Why am I telling you all of this? In fact, the trick outlined above is what we’ll use to tile in language-generated expression trees in a bigger sea of hand-crafted statement trees. For the sample above, what if we made the function definition through abstraction happen using the language-level support, while keeping the invocation call in plain hand-crafted expression trees:
var three = Expression.Invoke(
(Expression<Func<int, int, int>>)((x, y) => x + y),
Expression.Constant(1),
Expression.Constant(2)
);
var res = Expression.Lambda<Func<int>>(three).Compile();
See it coming? Think about it for a while: we’re combining a compiler-generated expression tree with a manually created bigger one in which we embed the smaller one.
Theory applied
To keep things a bit more controlled, focus on one part of the original statement tree:
Expression.IfThen(
// (!
Expression.Not(
// d <= Math.Sqrt(n)
Expression.LessThanOrEqual(
d,
Expression.Convert(
Expression.Call(
null,
typeof(Math).GetMethod("Sqrt"),
Expression.Convert(
n,
typeof(double)
)
),
typeof(int)
)
)
// )
),
// break;
Expression.Break(breakInner)
),
This corresponds to the terminating condition for the inner loop:
for (int d = 2; d <= Math.Sqrt(n); d++)
{
if (n % d == 0)
{
found = true;
break;
}
}
As we all know, that’s a plain old valued expression that could be turned into a function as follows:
Func<int, int, bool> cond = (x, y) => x <= Math.Sqrt(y);
for (int d = 2; cond(d, n); d++)
{
if (n % d == 0)
{
found = true;
break;
}
}
Now we’re getting somewhere. The code above is exactly the same as the original one, but we’ve abstracted over the condition by turning it into a function of its own, which we subsequently apply given d and n. For regular code, that doesn’t make much sense, but it’s exactly the trick we’re talking about here and that will make the expression tree case simpler. What if we translated the code above as follows?
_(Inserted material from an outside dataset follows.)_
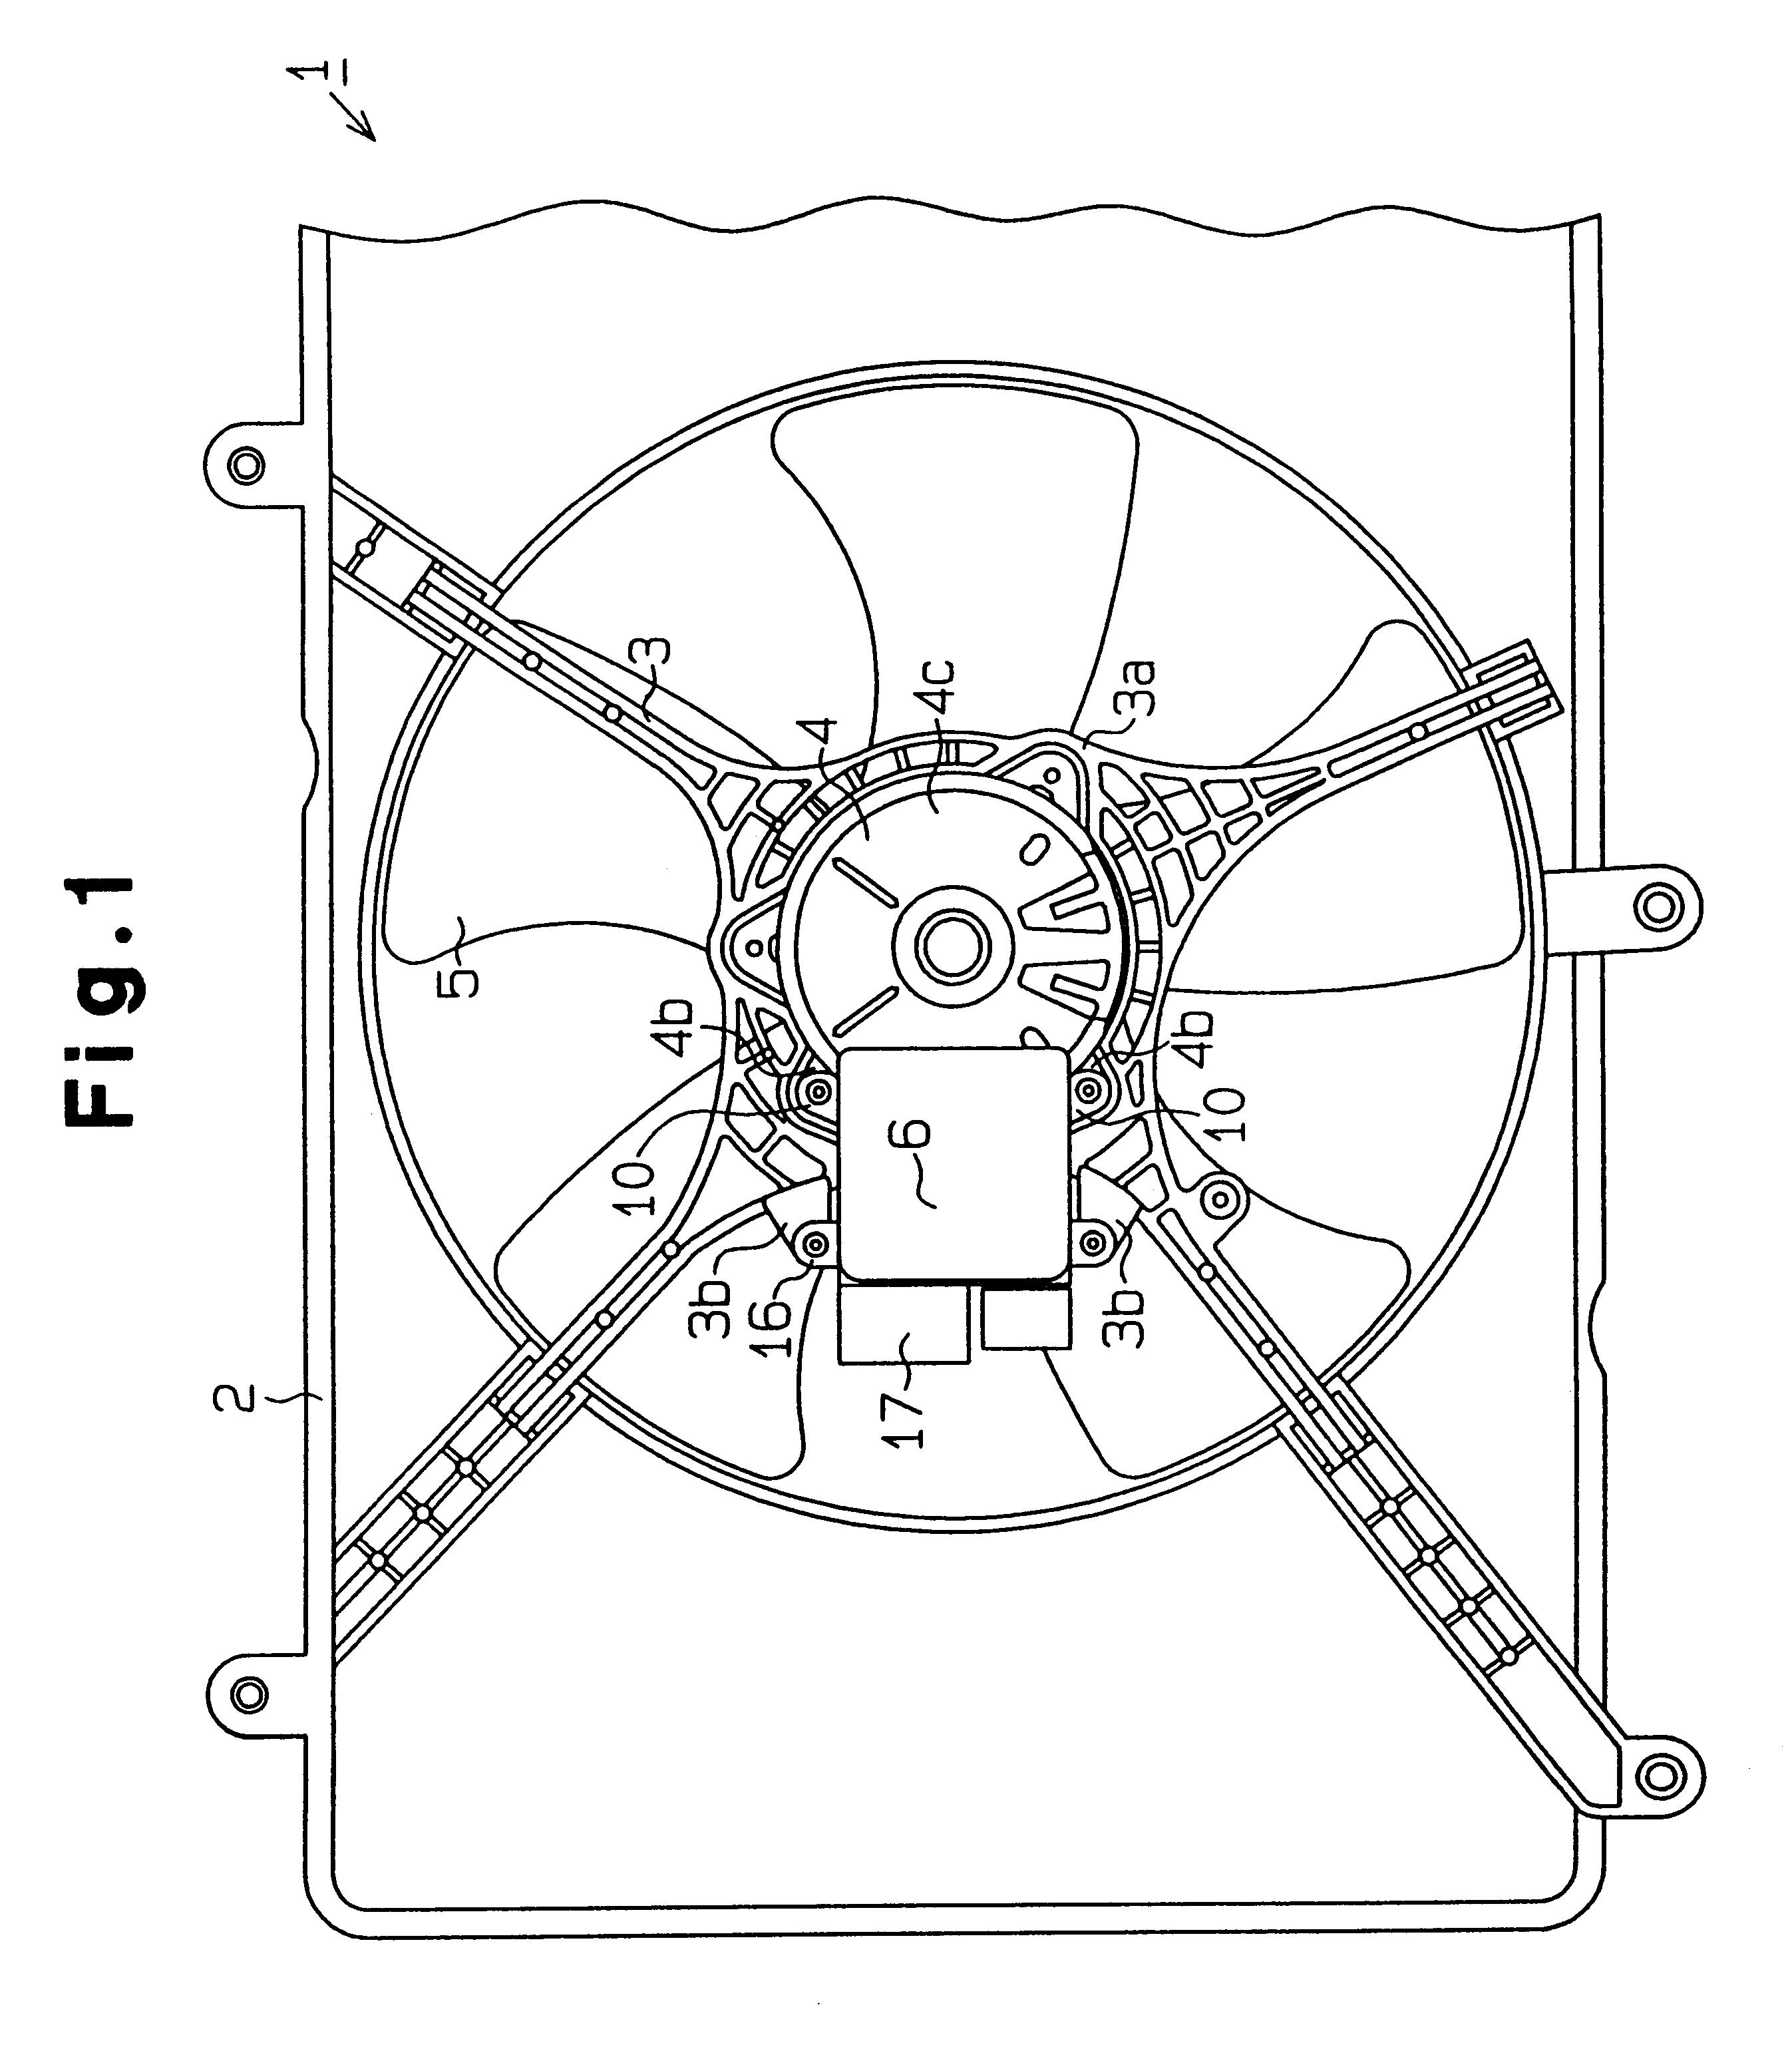 patent us6203293

Expression<Func<int, int, bool>> cond = (x, y) => x <= Math.Sqrt(y);
for (int d = 2; cond.Compile()(d, n); d++)
{
if (n % d == 0)
{
found = true;
break;
}
}
Heh, there’s our expression tree for the condition. As we’re still not generating the whole for-loop in a statement tree, we have to call Compile explicitly on the intermediate lambda expression to invoke it in the condition part of the for-loop. Now we can take it one step further and go back to the expression tree for the whole for-loop, patching it up with our intermediate “cond” expression tree … using application. At the same time, we can eat the “Not” node:
Expression.IfThen(
// (!
Expression.Not(
// d <= Math.Sqrt(n)
Expression.LessThanOrEqual(
d,
Expression.Convert(
Expression.Call(
null,
typeof(Math).GetMethod("Sqrt"),
Expression.Convert(
n,
typeof(double)
)
),
typeof(int)
)
)
// )
),
// break;
Expression.Break(breakInner)
),
In essence, the first argument to IfThen (i.e. the if-statement’s condition expression) contains two variables from the outer scope: d and n. We’ll abstract over those, introducing an intermediate lambda expression, and invoke (apply) that one using d and n. Code is worth a thousand words:
Expression.IfThen(
// (!(d <= Math.Sqrt(n)))
Expression.Invoke(
(Expression<Func<int, int, bool>>)((x, y) => !(x <= Math.Sqrt(y))),
d,
n
),
// break;
Expression.Break(breakInner)
),
Wow, that got a bit simpler, didn’t it? The formatted (bold, underline) part corresponds to the language-generated expression tree. All we have to do is wrap that thing in an InvocationExpression, passing in d and n as arguments (respectively being bound to x and y).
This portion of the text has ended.